Tentemos situar o leitor que vive distante daquelas plagas. Para tal, torna-se necessário lembrar que o progresso chegou um tanto atropelado a diversos rincões do Triângulo, onde as cidades dormitavam nos antigos hábitos da centenária pecuária ali praticada, sendo esta o principal meio de subsistência de seus habitantes.

A religião católica, adotada pela esmagadora maioria da população, era ainda voltada às crenças locais, dando ênfase às festas comemorativas, nas quais aconteciam os encontros sociais.

E os espíritas, oriundos daquela gente, procuravam adaptar como podiam suas novas convicções àqueles costumes, para que não se mostrassem estranhos dentro da hospitaleira comunidade a que pertenciam.

Feitas estas observações voltemos ao encontro que tivemos com o Chico, nas condições previstas.

Desde sua chegada, uma multidão cercou o médium para cumprimentá-lo, conversar, fazer apresentações, tudo enfim, numa espécie de tumulto, que o deixou um tanto atordoado.

Mesmo assim, rodeado pelos amigos mais chegados e protegido mais de perto pela Espiritualidade, Chico, ao iniciar-se a reunião de inauguração, pediu-me que lesse e comentasse um trecho de O Evangelho Segundo o Espiritismo.

Contudo, não conseguíamos chamar a atenção do pessoal que extravasava o acanhado espaço do centro. Muitas pessoas, desligadas do que se passava, principalmente aquelas do lado de fora, continuavam a prosear.

Sem podermos dar início à leitura, subimos numa cadeira e ficamos aguardando o silêncio que não se fazia. Chico então resolveu, ele mesmo, subir na cadeira para tornar-se visível à maioria dos presentes.

O interessante e emocionante veio a seguir:

Olhando a multidão com seu magnetismo sublimado, ele começou:

— Meus amigos, estamos reunidos nesta noite (as conversas foram diminuindo) porque temos saudades de Jesus!…

Pairou sobre o ambiente poderosa e indescritível vibração, que a todos comoveu.

O fenômeno lembrava as narrativas das primeiras reuniões cristãs, em que a voz dos pregadores era ouvida por todos, ajudados que eram pelos espíritos que se utilizavam da mediunidade de efeitos físicos através daqueles que a possuíam.

Algo semelhante acontecera naquela noite em Iturama.

Depois da breve saudação, houve um momento propício à psicografia. No ambiente, que se mantinha em silêncio, Chico recebeu um poema, leu-o, e em seguida entregou-o a Dona Carmelita.

Maria Dolores assinara a página recebida, dando-lhe o título de “Luz no Caminho”, em alusão ao nome do centro que estava sendo inaugurado.

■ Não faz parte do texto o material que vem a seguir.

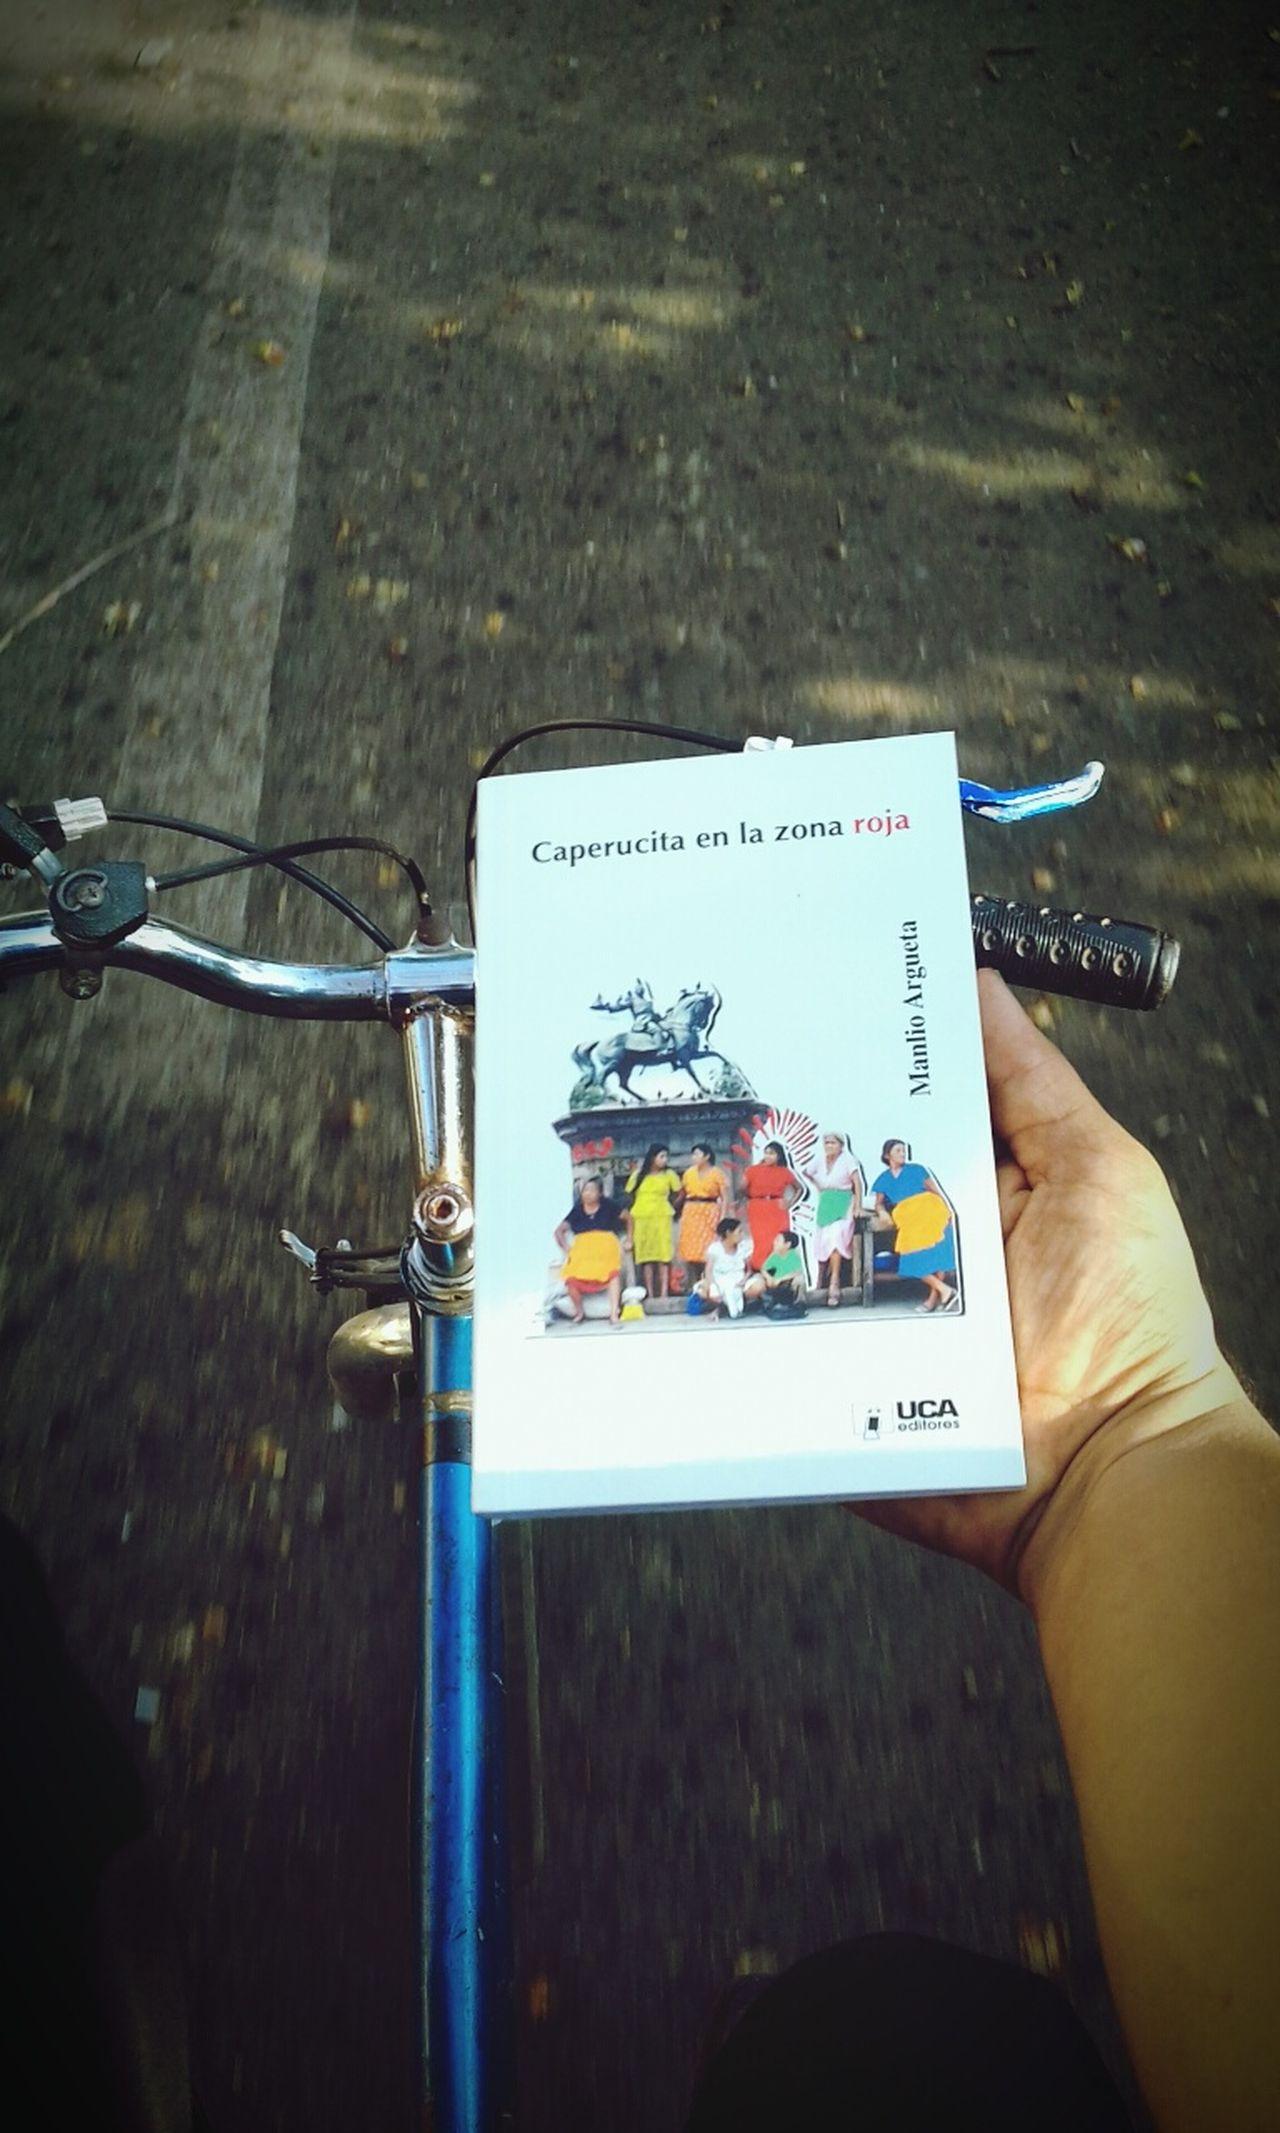 Outdoors One Person Human Body Part Close-up Human Hand Adult Bike Biker Bike Ride Ontheroad Onthestreet Ontheway Read Reading Reader Book

Uma enorme fila se formara para os abraços individuais ao médium.

Cada pessoa que o cumprimentava recebia uma rosa.

Muitos maços haviam sido providenciados, porém, como não bastassem, os moradores começaram a trazer flores cortadas de suas latadas e arbustos. Até palmas foram retiradas de coqueiros para que ninguém ficasse sem uma lembrança das mãos do médium naquela inesquecível e cálida noite de verão.

Ao terminar a reunião, o médium se despede da multidão dizendo:

— Amém, Jesus!

Ficamos intrigado com aquele “amém, Jesus”. Tempos depois, em Uberaba, perguntamos ao Chico porque ele usara tal expressão naquele encontro.

Ao que ele respondeu:

— Romeu, você observou o ambiente em que nos encontrávamos? A grande maioria dos presentes era católica. Eu não poderia terminar de outra forma para agradecer tanta gentileza e carinho naquela recepção…

 

(Do livro Inesquecível Chico – Romeu Grisi/Gerson Sestini – Ed. GEEM)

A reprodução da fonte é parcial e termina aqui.